Supplied data |
○ ○ ○ ○ ○
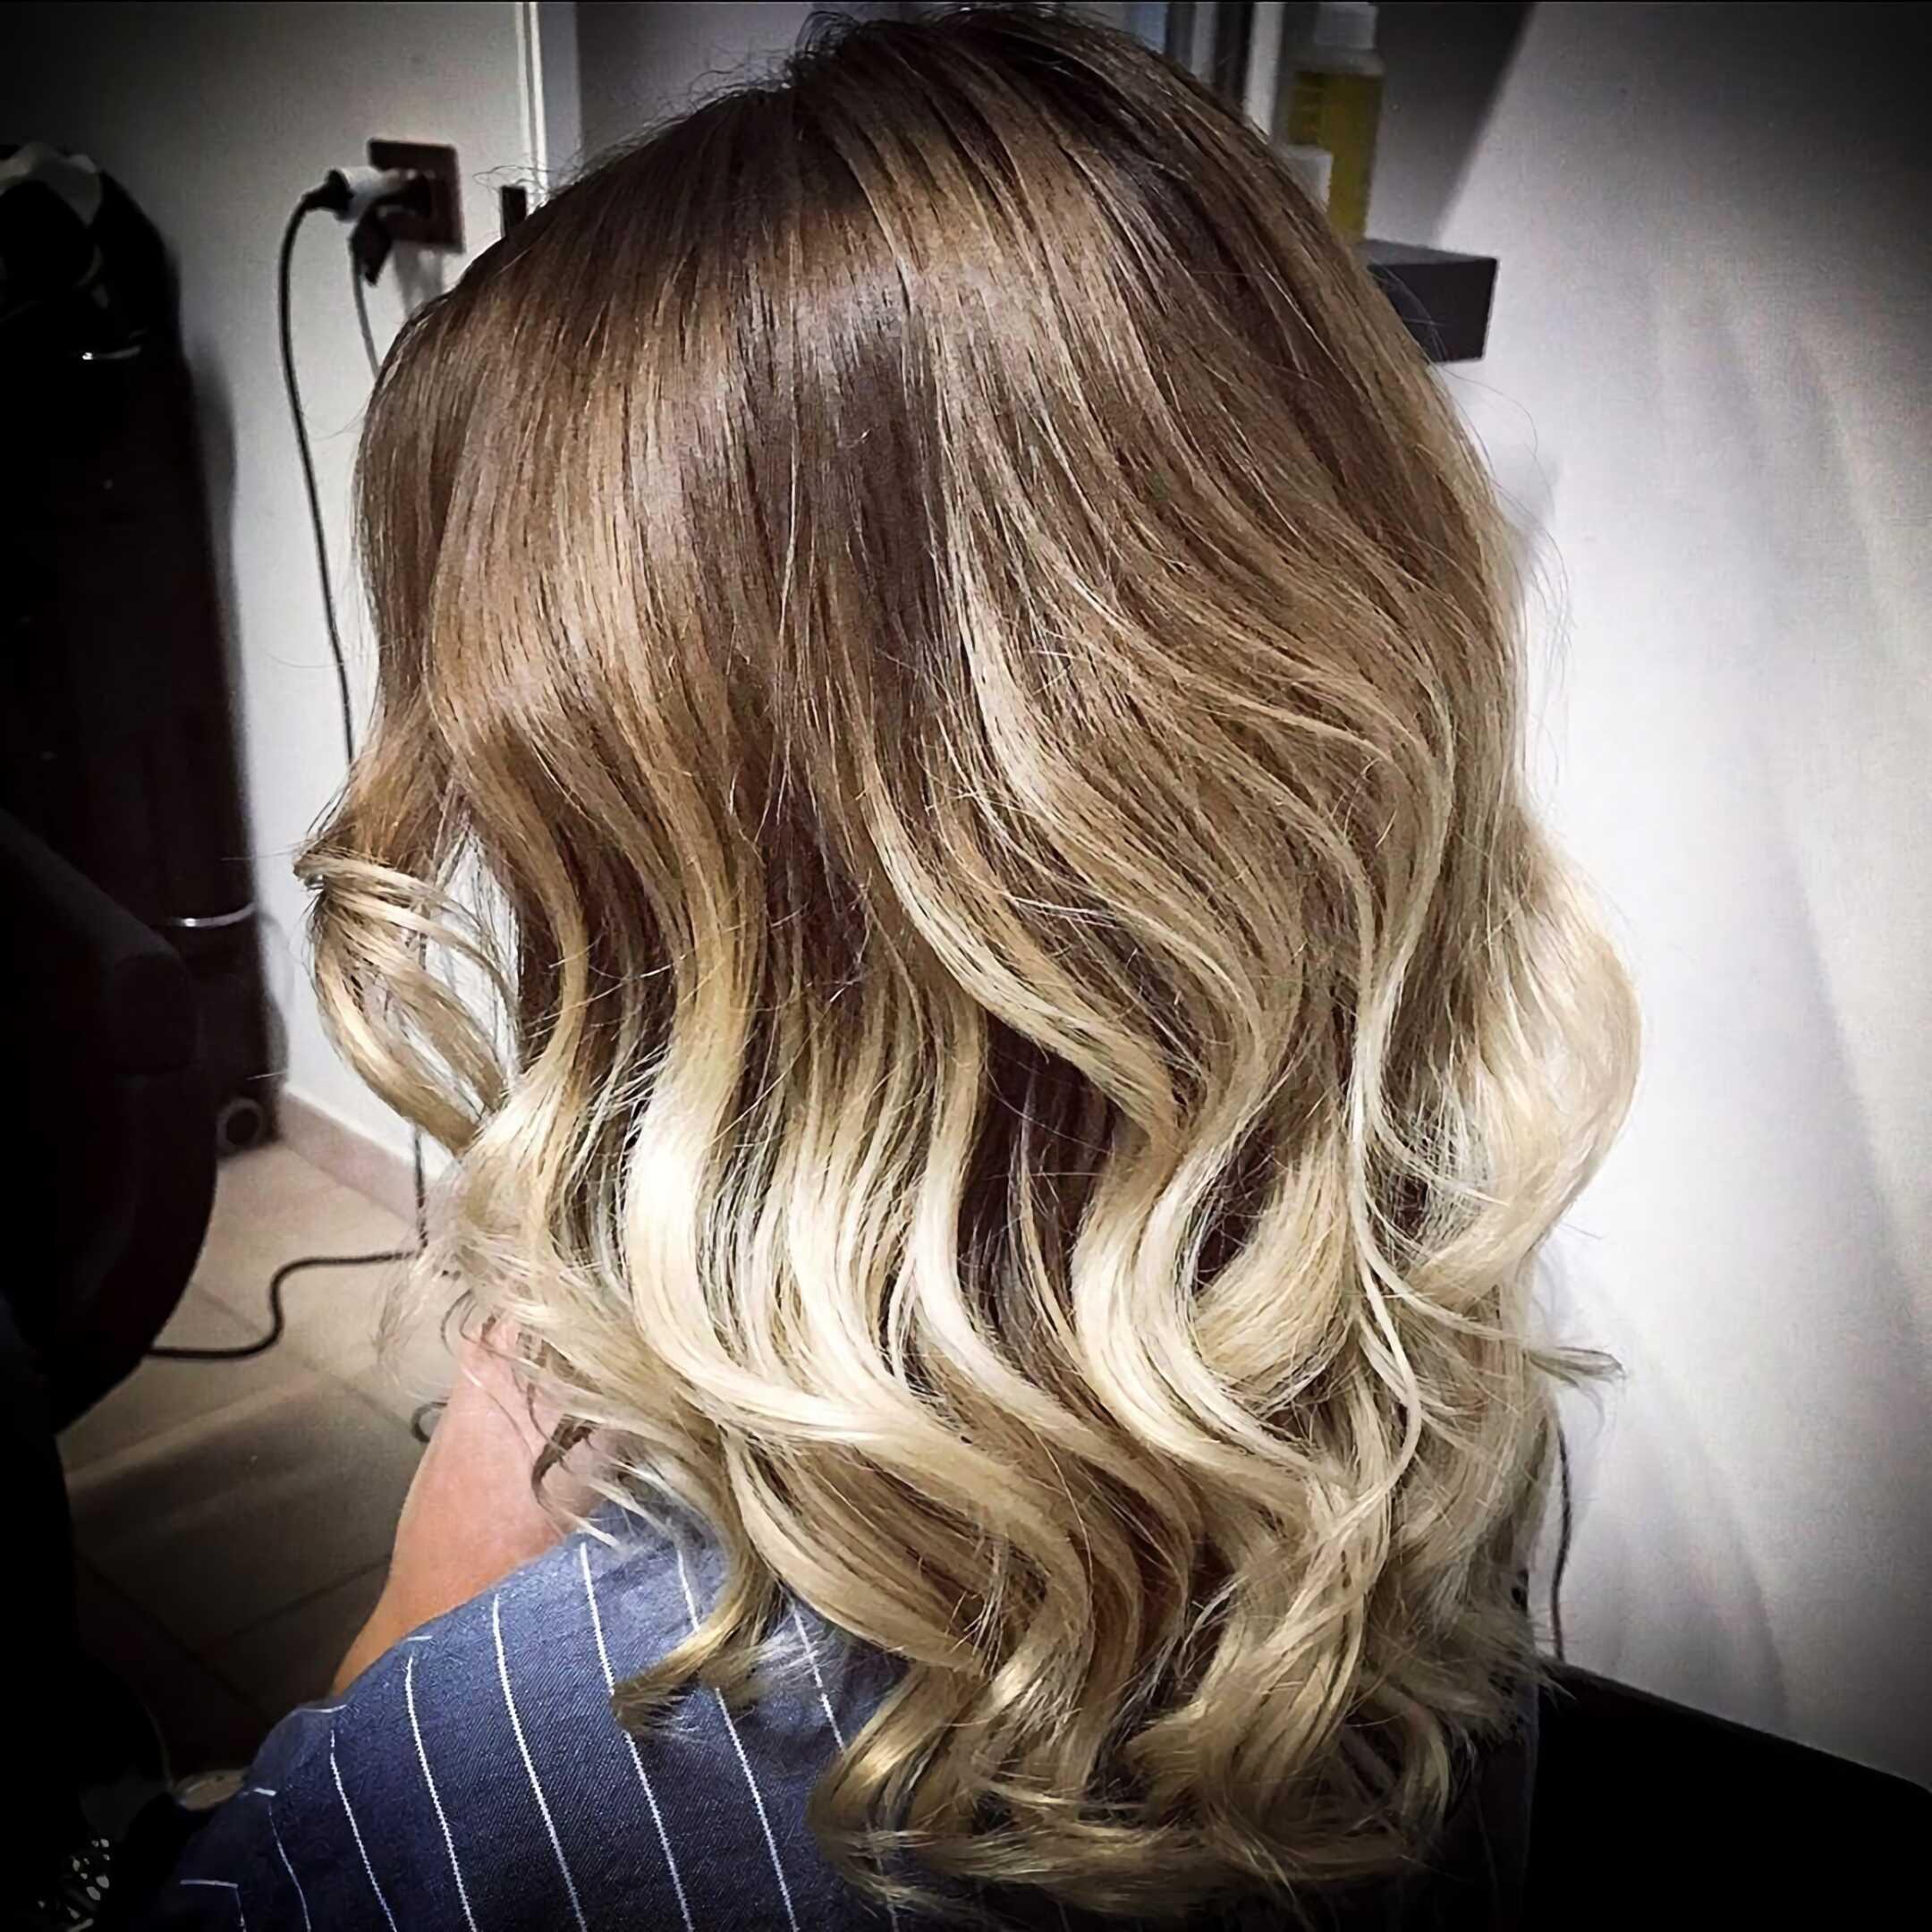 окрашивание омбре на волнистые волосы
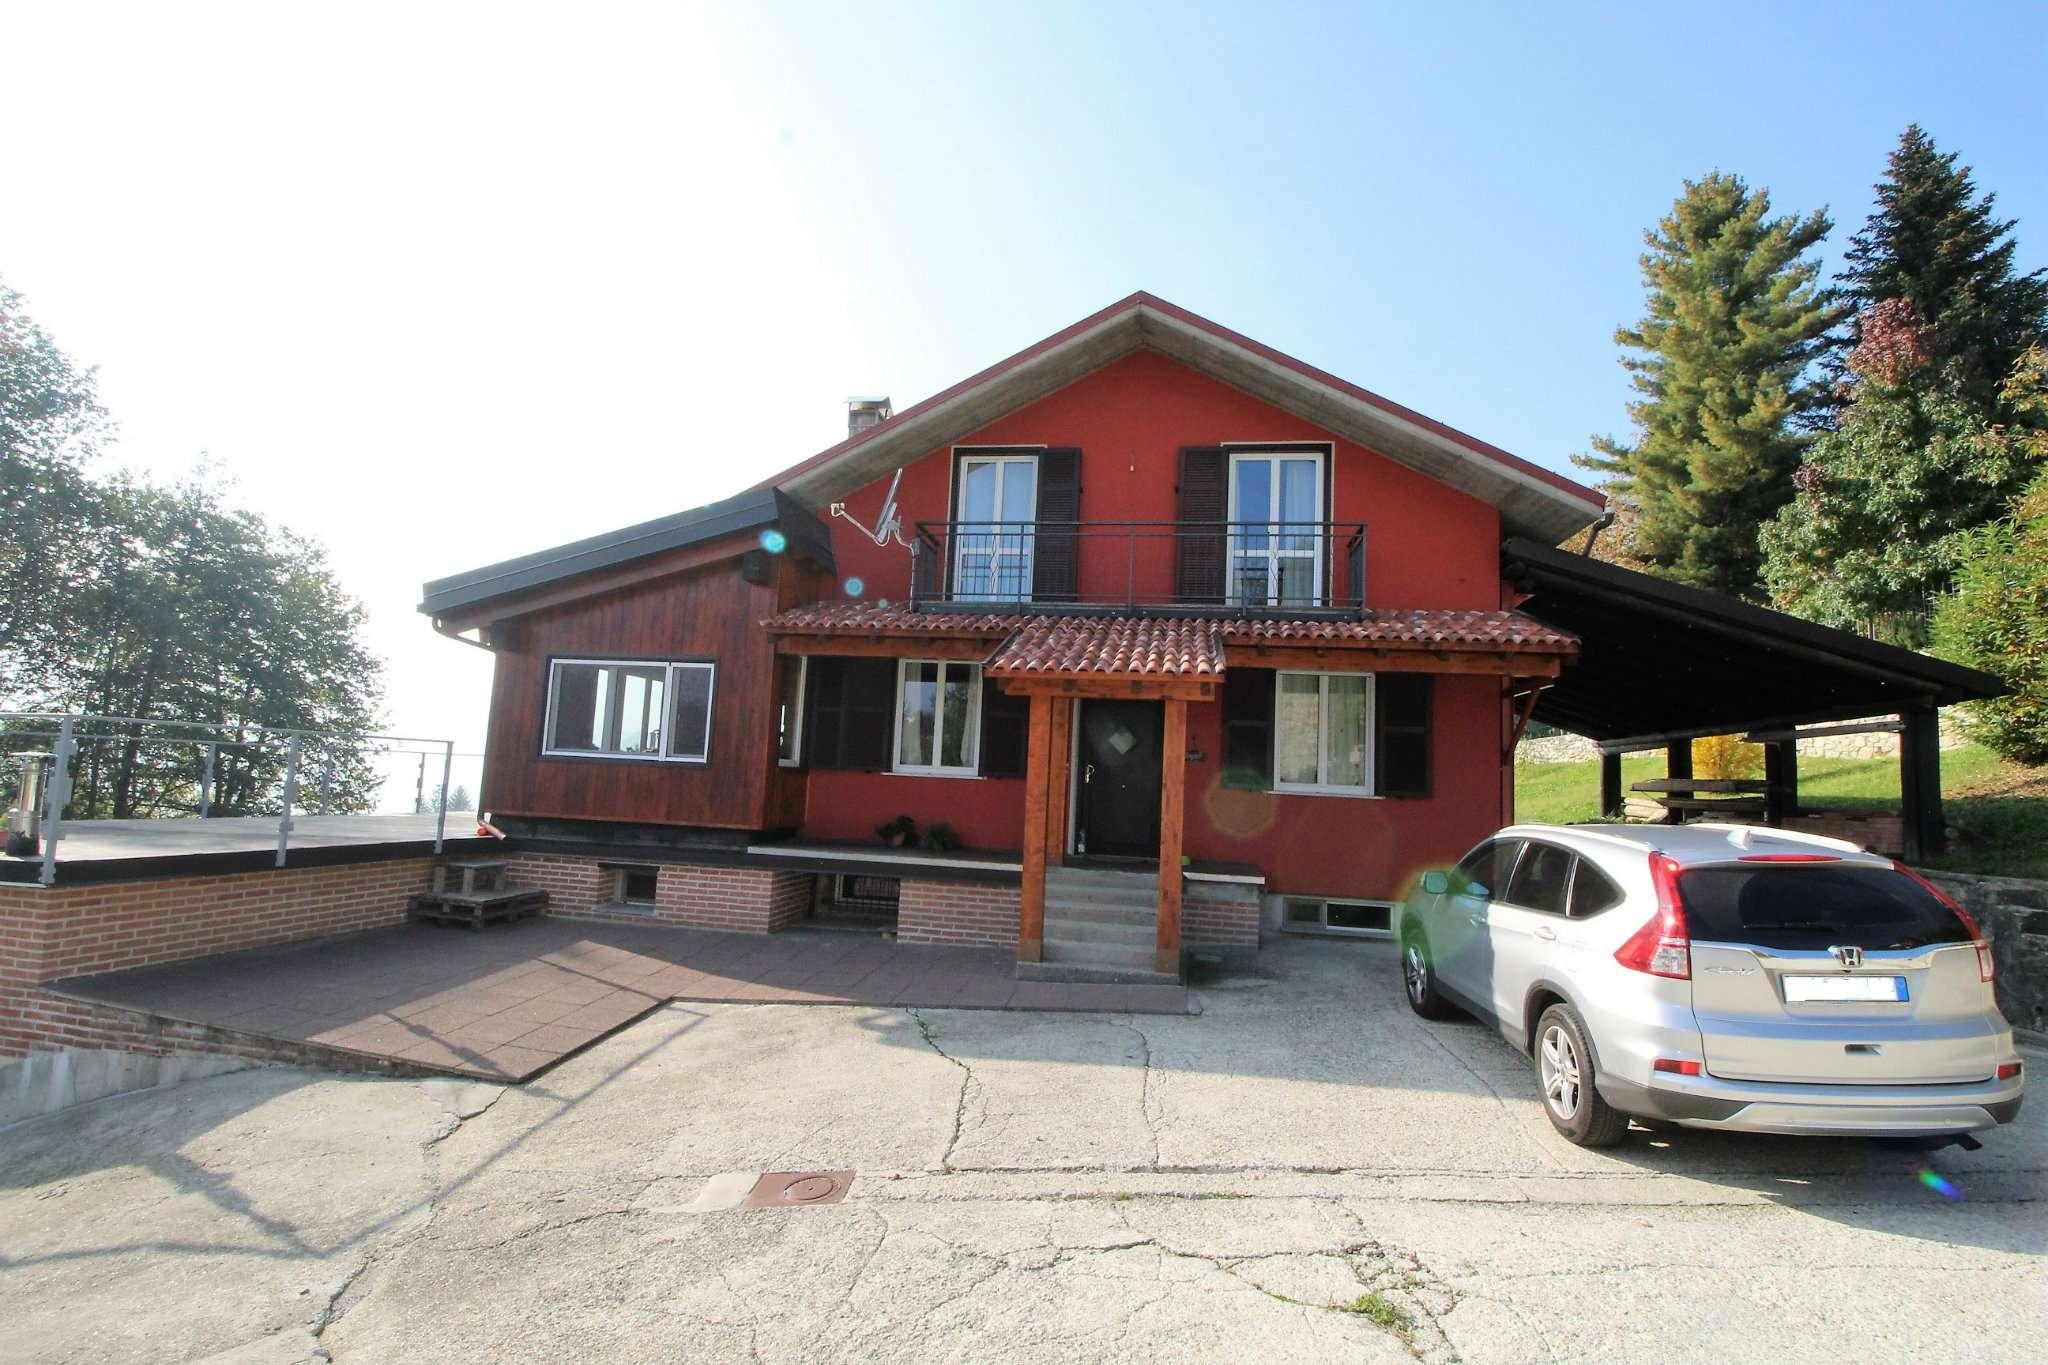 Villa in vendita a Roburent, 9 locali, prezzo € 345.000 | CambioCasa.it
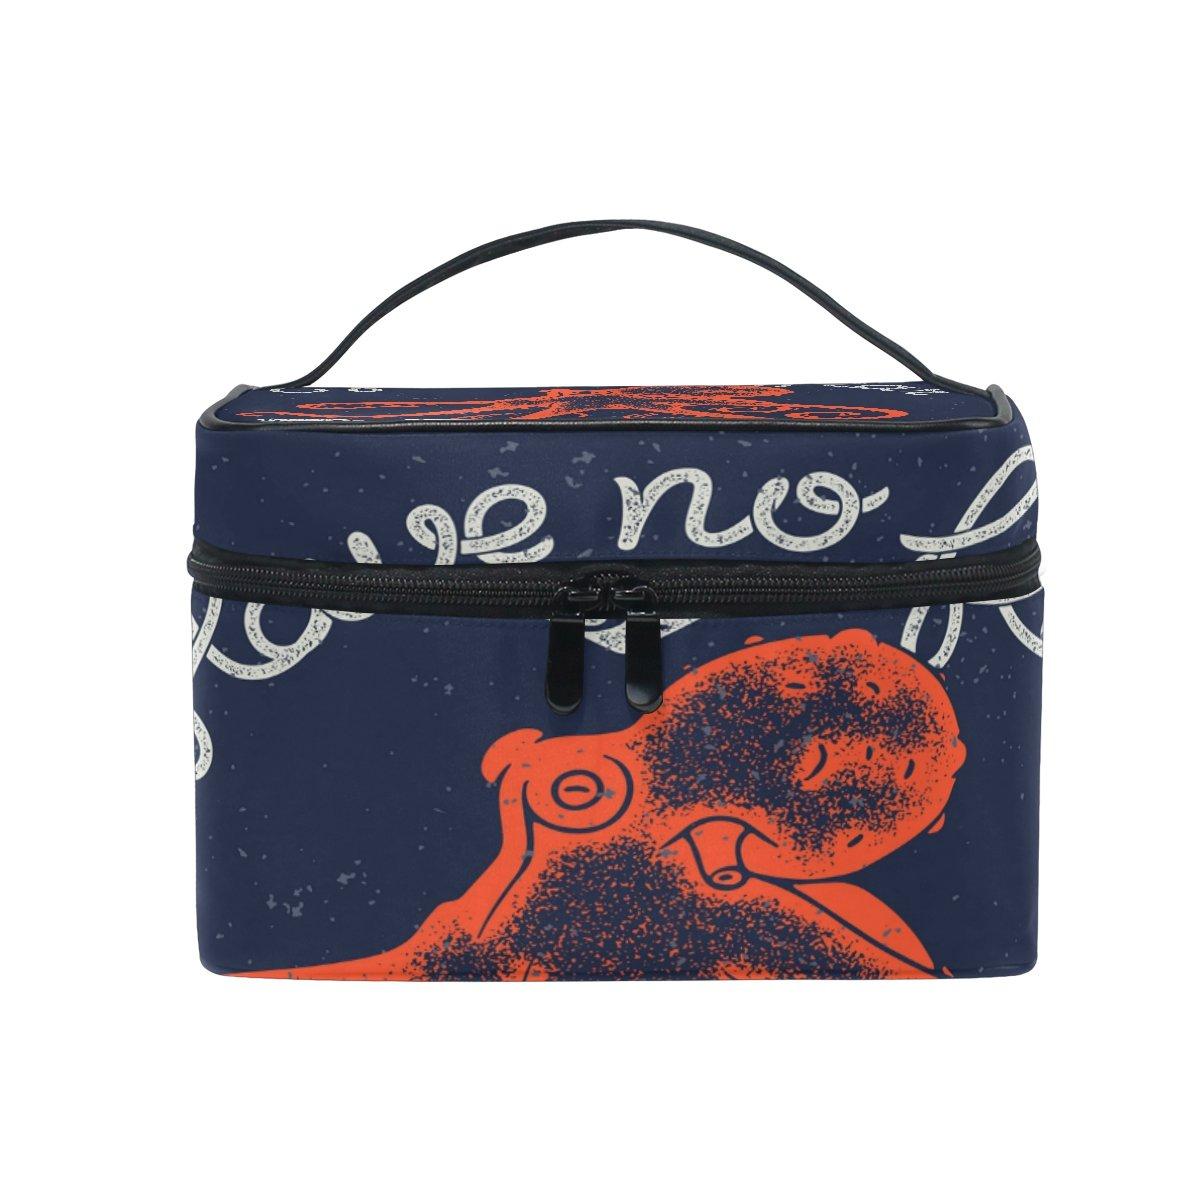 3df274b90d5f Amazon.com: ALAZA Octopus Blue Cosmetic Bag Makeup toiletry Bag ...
○ ○ ○ ○ ○
Aim of the exercise | Everything in the data except the pictures must be retyped exactly.

Answer |
 окрашивание омбре на волнистые волосы
 Villa in vendita a Roburent, 9 locali, prezzo € 345.000 | CambioCasa.it
 3df274b90d5f Amazon.com: ALAZA Octopus Blue Cosmetic Bag Makeup toiletry Bag ...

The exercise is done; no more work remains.